The Wall Street Journal reported last week that China had banned government officials from bringing foreign-brand smartphones such as iPhones into government buildings or using them for work.

Citing unnamed sources, as is the wont of the WSJ, the article claimed China was seeking to "cut the country's reliance on foreign technology" and beef up cybersecurity, as well as keep sensitive data from leaking to foreign governments.

That people find the report credible is because it is not a surprise that China should reciprocate the United States' ban on government officials using Chinese devices. That few people seem to have questioned the authenticity of the report reveals the extent to which people take it for granted that a tit-for-tat technology war is a new normal in the relations between China and the United States. Such a pathetic state of affairs can be attributed to Washington's attempts to leave no stone unturned in its attempt to smear and constrain China's tech development.

Responding to a question about the report at a regular media briefing on Wednesday, Chinese Foreign Ministry spokesperson Mao Ning made it clear that China has not issued any law, regulation or policy document that bans the purchase and use of cellphones produced by foreign brands.

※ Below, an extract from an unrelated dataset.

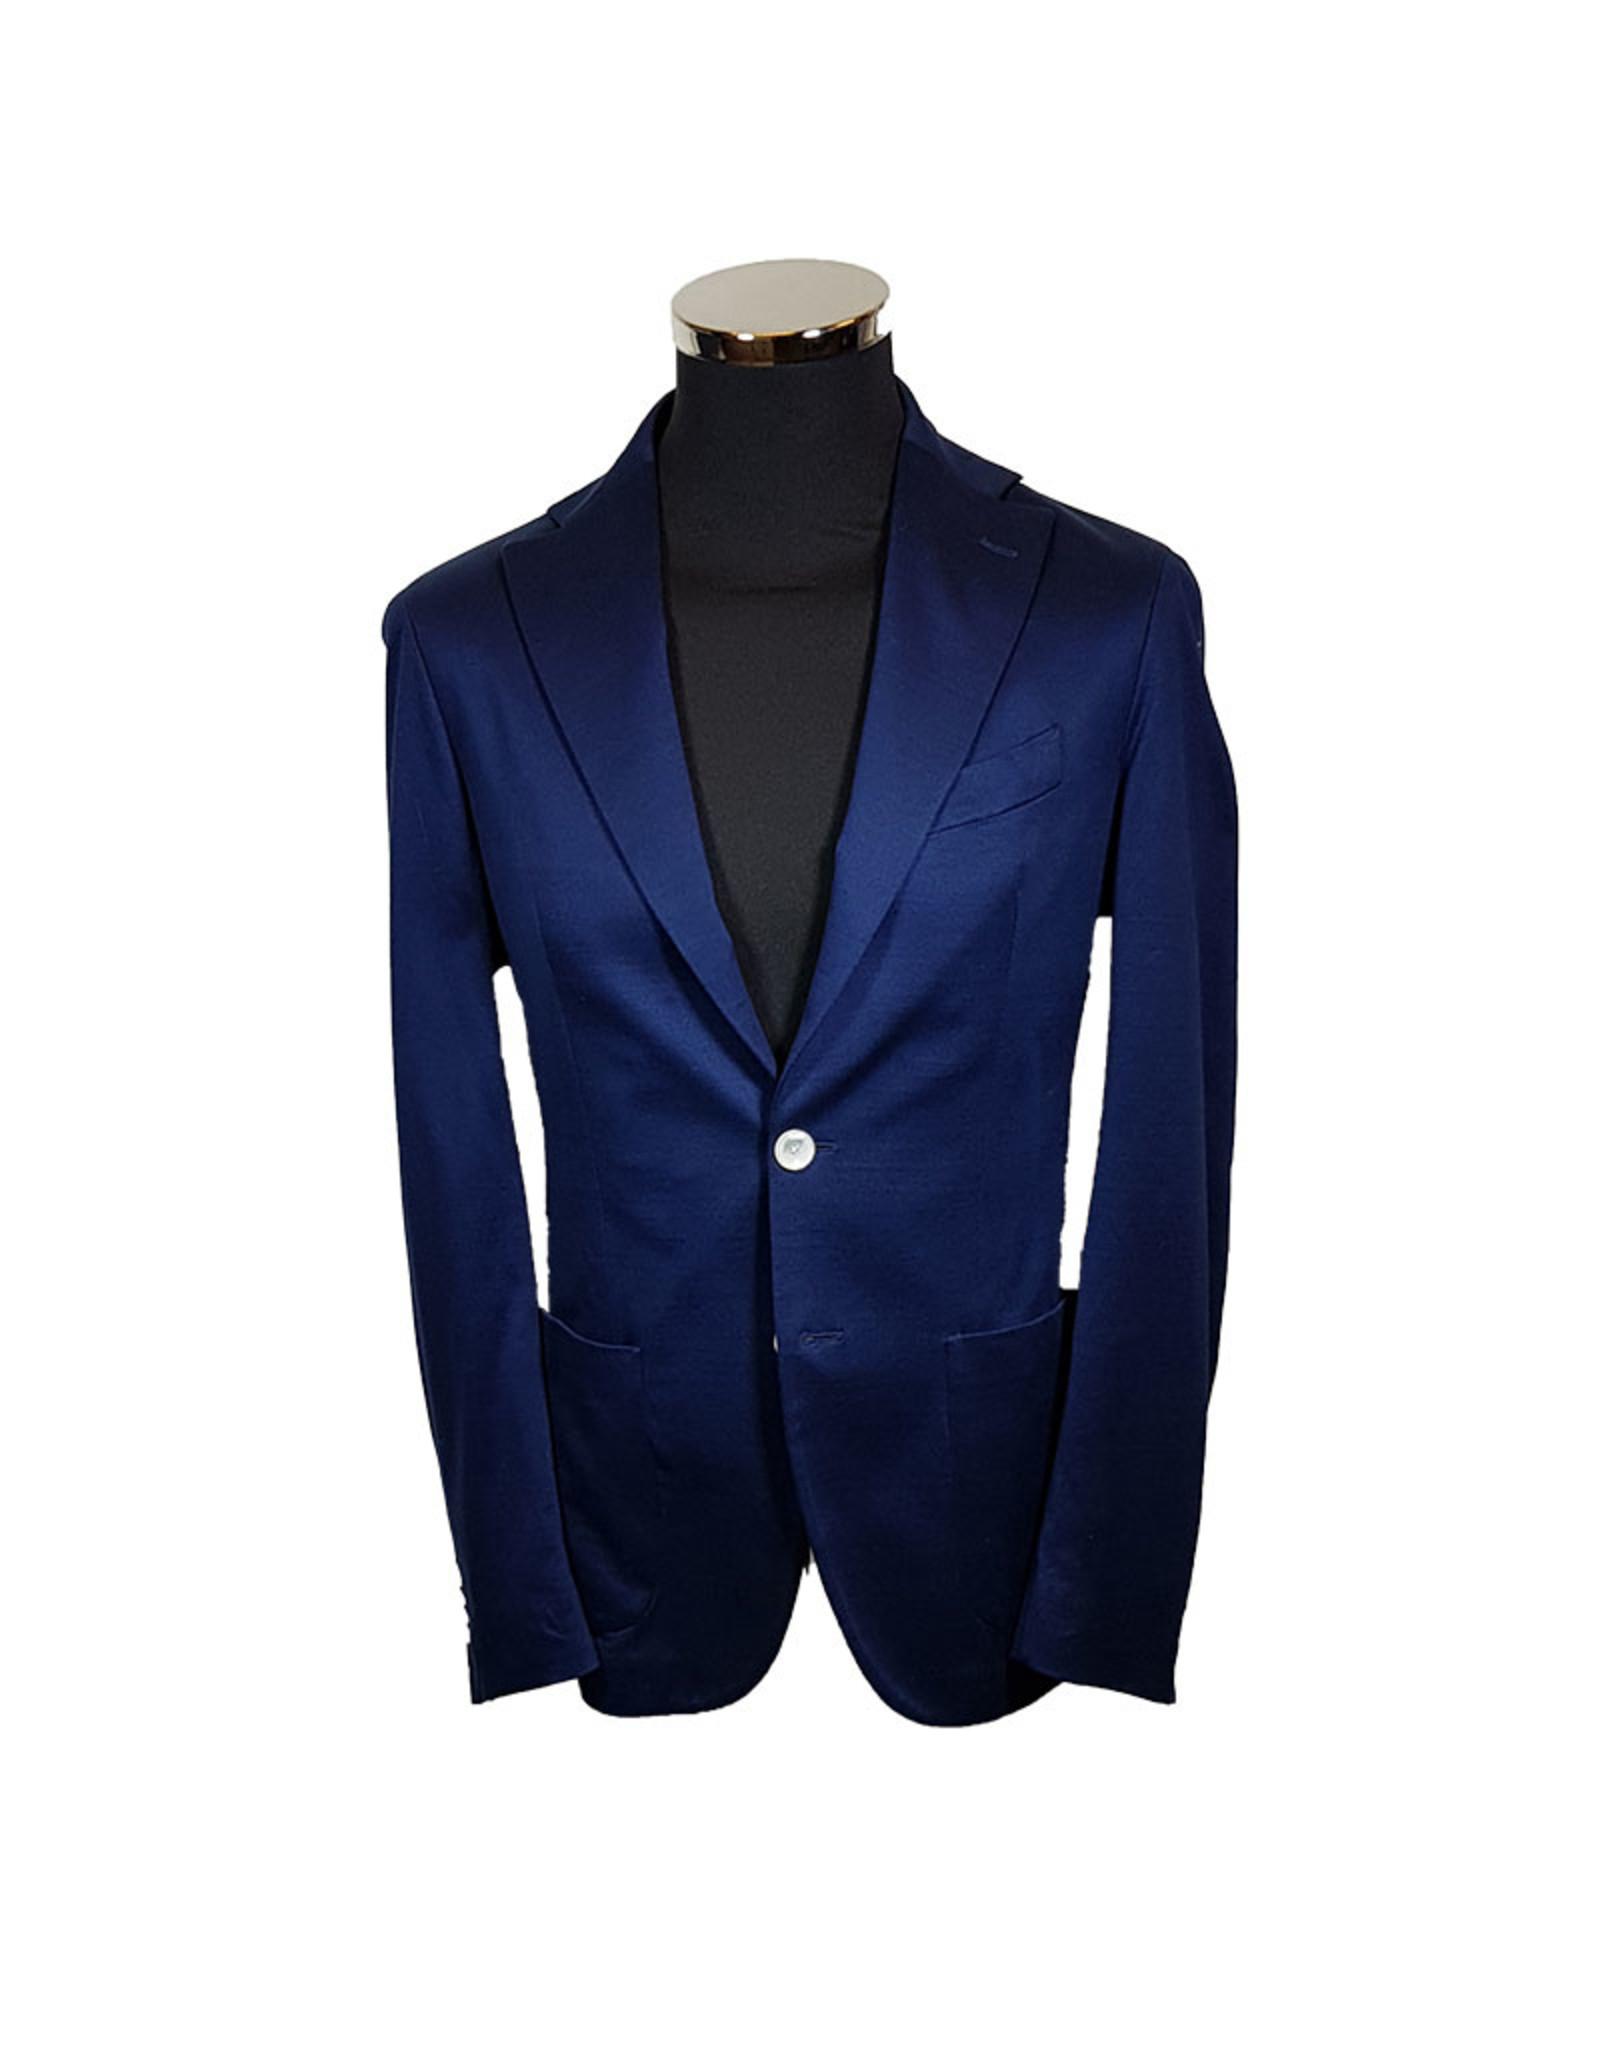 Latorre Gabiati vest blauw JE1132/1 Ponza

While the WSJ report claimed the alleged move broadly targets foreign-made smartphones, Apple stands out, as China is one of its biggest markets and a key part of its supply chain. China is Apple's third-largest market, accounting for 18 percent of the company's sales revenue. Its China sales increased 8 percent on an annual basis to $15.76 billion in the last quarter, making it Apple's fastest-growing market around the world. China always treats foreign companies with openness and welcomes them to seize the opportunities presented by China's development and to share the fruits of the country's economic growth. 

The US on the other hand has introduced "rip and replace" bans on Huawei and ZTE equipment, and it is attempting to ban TikTok, the short video sharing app, at local, state and federal levels.

In keeping with its actions targeting China, the Joe Biden administration has seized on the report as another opportunity to smear Beijing. It has sought to muddy the waters and exploit the WSJ report as evidence that the Chinese government is trying to squeeze foreign companies out of the Chinese market.

"It seems to be a piece of the kinds of aggressive and inappropriate retaliation to US companies that we've seen from the PRC in the past, that's what this appears to be," National Security Council spokesman John Kirby told reporters at a news conference, claiming "that we don't have perfect visibility on exactly what they're doing and why".

In fact, Mao Ning couldn't have made it any clearer. While China attaches great importance to cyber and information security, it treats all Chinese and foreign companies as equals. So long as cellphone companies abide by China's laws and regulations, such as the Data Security Law and the Personal Information Protection Law and ensure the security of users' information they are welcome in China.